А кто, если не Ельцин? Шушкевич, что ли? Кравчук?!

«Протокол» допустил бестактность. Ельцин тяжело уселся во главе стола, а слева от него водрузился (на правах хозяина) Шушкевич. Справа сидел переводчик, рядом с переводчиком – Кравчук. Невероятно, но факт – Бурбулис и Козырев убедили всех, что если Президенты трех суверенных стран будут изъясняться по-русски, то это, извините, политически неправильно.

Кравчука не предупредили, что он сидит от Ельцина дальше, чем Шушкевич, на целый стул…

Недолго думая, Леонид Макарович схватил флажок Украины, согнал переводчика, сел рядом с Ельциным и поставил флажок перед собой!

Пресс-конференция продолжалась четырнадцать минут. Ельцин коротко объявил, что как «геополитическая реальность» Советский Союз отныне не существует, что это решение принято «по воле народов».
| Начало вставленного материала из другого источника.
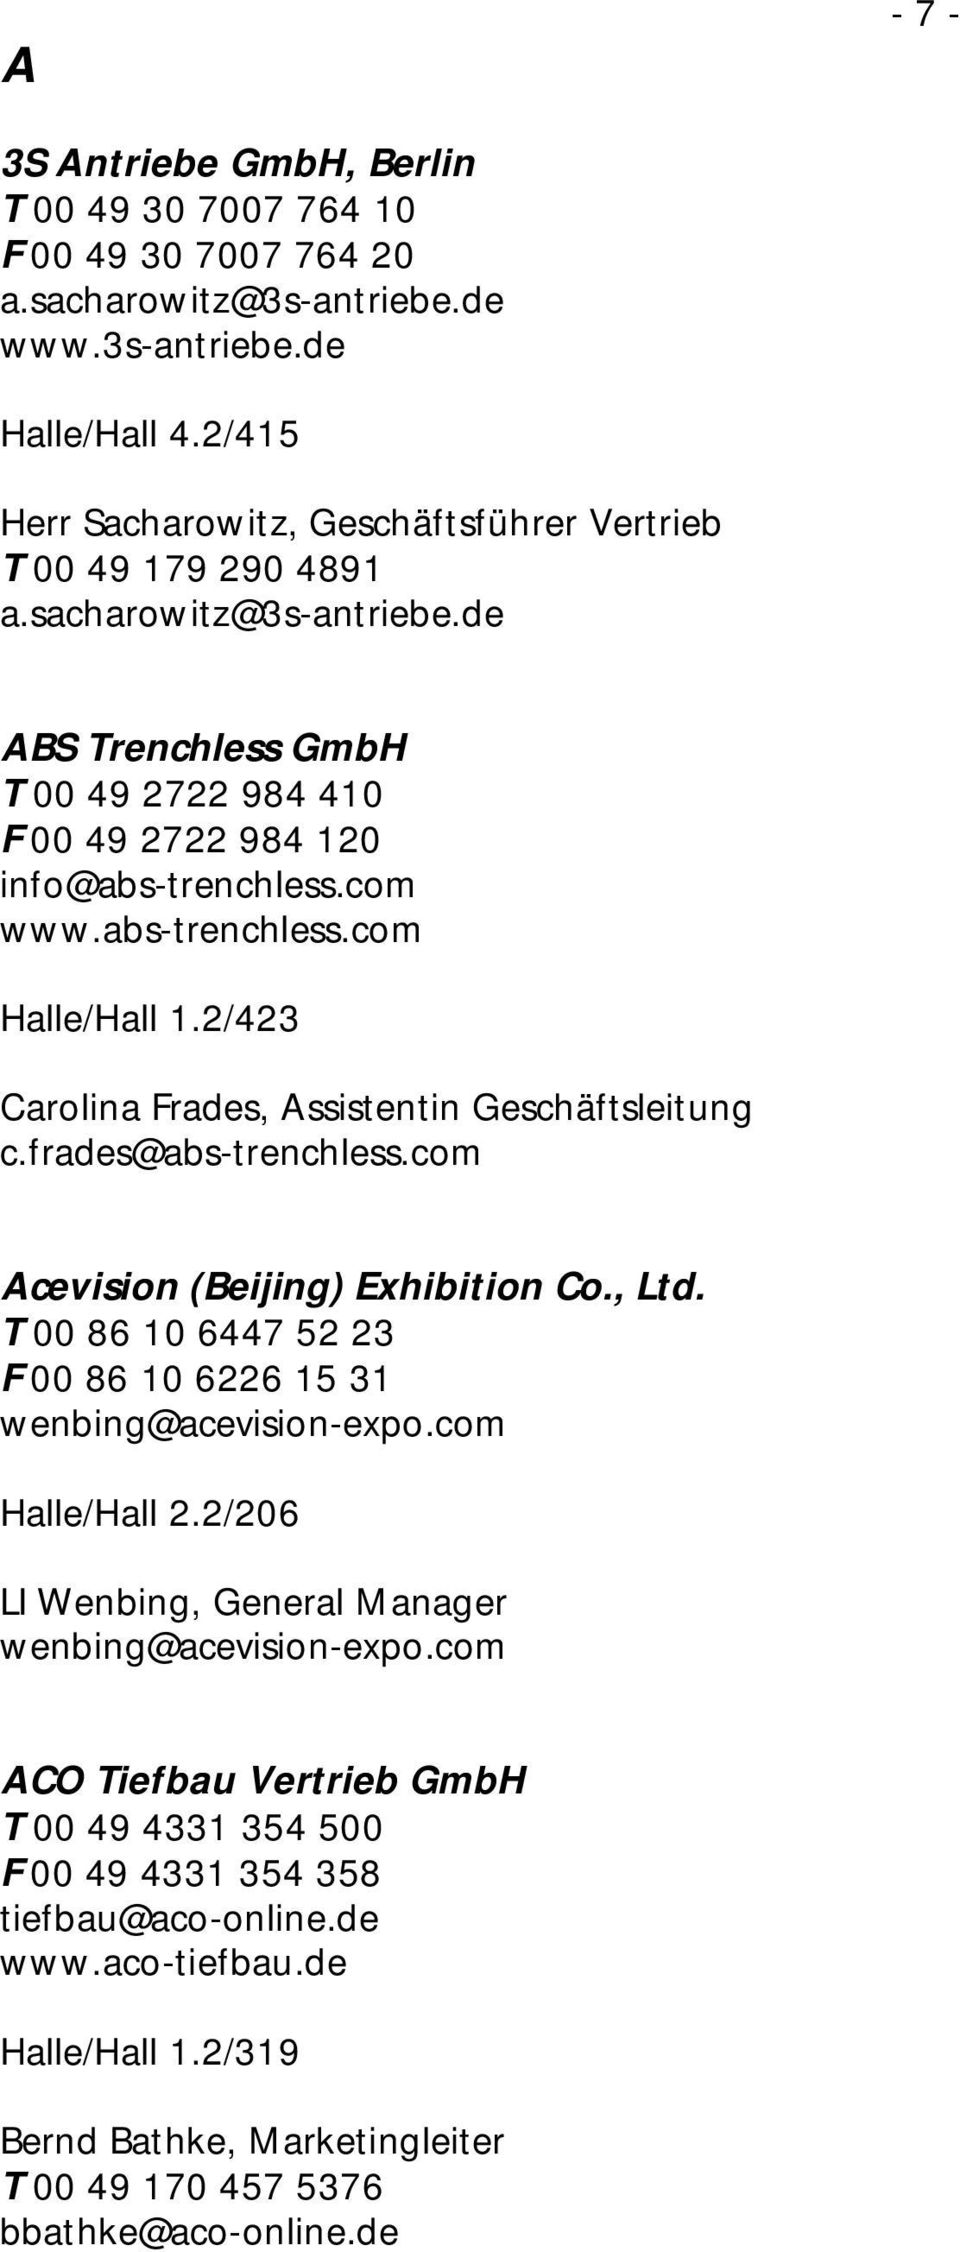 abs-trenchless.com Halle/Hall 1.2/423 Carolina Frades, Assistentin Geschäftsleitung c.frades@abs-trenchless.com Acevision (Beijing) Exhibition Co., Ltd.

– Вам не страшно? – хотела спросить Ельцина журналист «Независимой газеты» Вера Кузнецова, но Бурбулис свернул пресс-конференцию и вопросы задавать не позволил.

Потом был банкет. На банкете Борис Николаевич пил сколько хотел. В конце концов, он рухнул прямо на ковер. И здесь же, при всех, его вывернуло наизнанку.
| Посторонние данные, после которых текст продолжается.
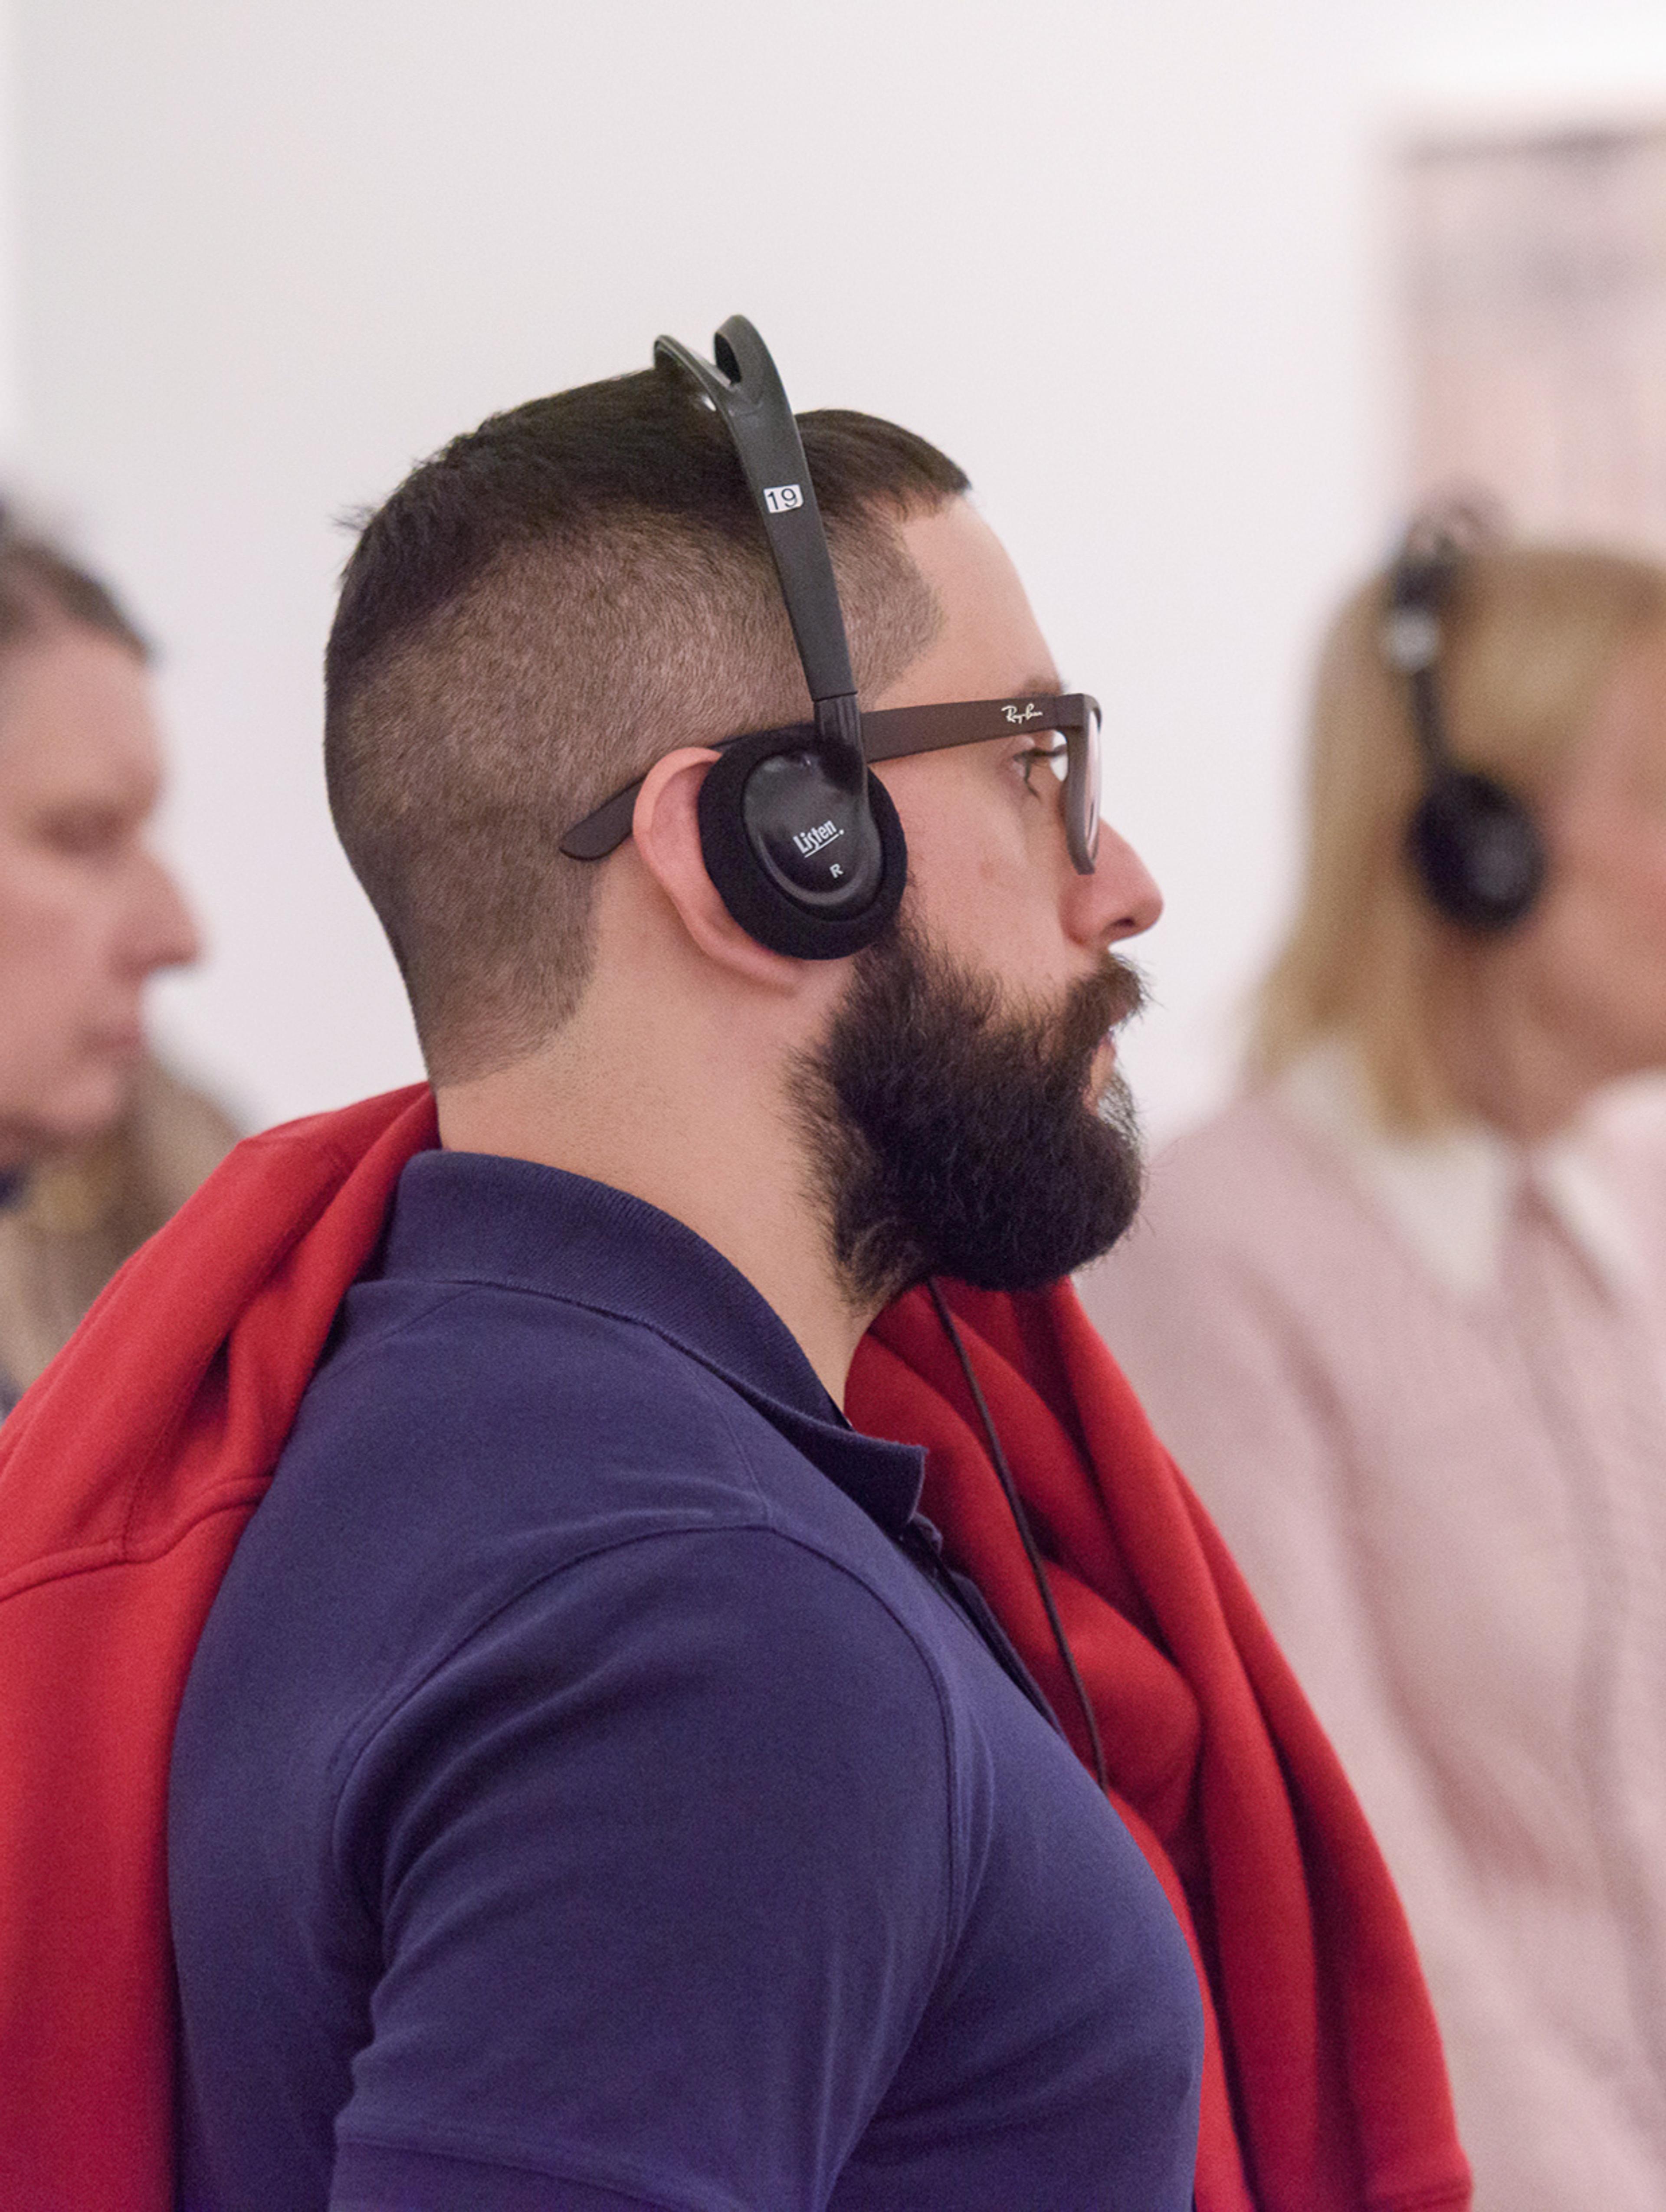 A young man with a beard wears over the ear headphones.

– Товарищи, – взмолился Кравчук, – не надо ему наливать! Помрет же!..

Кравчук был прав: Вискули трудно давались Борису Николаевичу, но, поймав на себе издевательский взгляд торжествующего Бурбулиса, Президент суверенной Украины вдруг сообразил, что он ущемляет сейчас право гражданина другой страны пить столько, сколько он хочет, и вмешивается во «внутренние дела» другого государства.

– Или будем наливать, – согласился Кравчук. – Но помалу!..

*Впрочем, трезвость – тоже подозрительно. Летом 76-го газета «Правда» командирует в Прагу Вячеслава Вторушина. Ему поручено руководить корпунктом газеты в Чехословакии. Представляясь, по случаю приезда Густаву Гусаку, он чокнулся с ним бокалом шампанского, но пить не стал.

Поймав на себе недоуменные взгляды чешских товарищей, Вторушин объяснил, что он и его семья – принципиальные трезвенники.

Утром его отозвали в Москву. Подвыпив, Гусак позвонил Суслову и приказал поменять Вторушина на «нормального человека»! Редколлегия «Правды» сделала тогда серьезные выводы, рекомендовав «тов. Вторушину» – стенограмма сохранилась! — «срочно прислушаться к замечанию тов. Гусака»… – Прим. авт.

Глава шестдесят восьмая

– Все, что я говорю, Толя, – продолжал Астафьев, когда они вернулись в «Москвич», – легко проверить. Я с журналистом… с одним, Геной Сапроновым – он наш, сибиряк – книгу издал.

– Интересный человек?

– Обладает разумом. Гена, – говорю, – опубликуй мой военный дневник. Подсократи если что, но пусть люди читают. Я ж в окопах писал. Не за столом в кабинете! Так Сапронова, когда он, значит, книжку мою на публику вынес, сразу, из зала, предложили расстрелять. Как в 37-м!..

Что ж, – отвечаю, – вздохнул Астафьев. – Приговор, – говорю, – ясен. Давайте сначала факты проверим. Тогда вы, – а я прям в зал обращаюсь, к читателю своему дорогому, – убедитесь: Астафьев нигде не наврал. За правду – расстрел. О правде в России лучше молчать. Потому что если русские узнают о русской истории всю правду, они не захотят быть русскими. Вот это и есть самая главная наша государственная тайна: опасно нам знать нашу правду!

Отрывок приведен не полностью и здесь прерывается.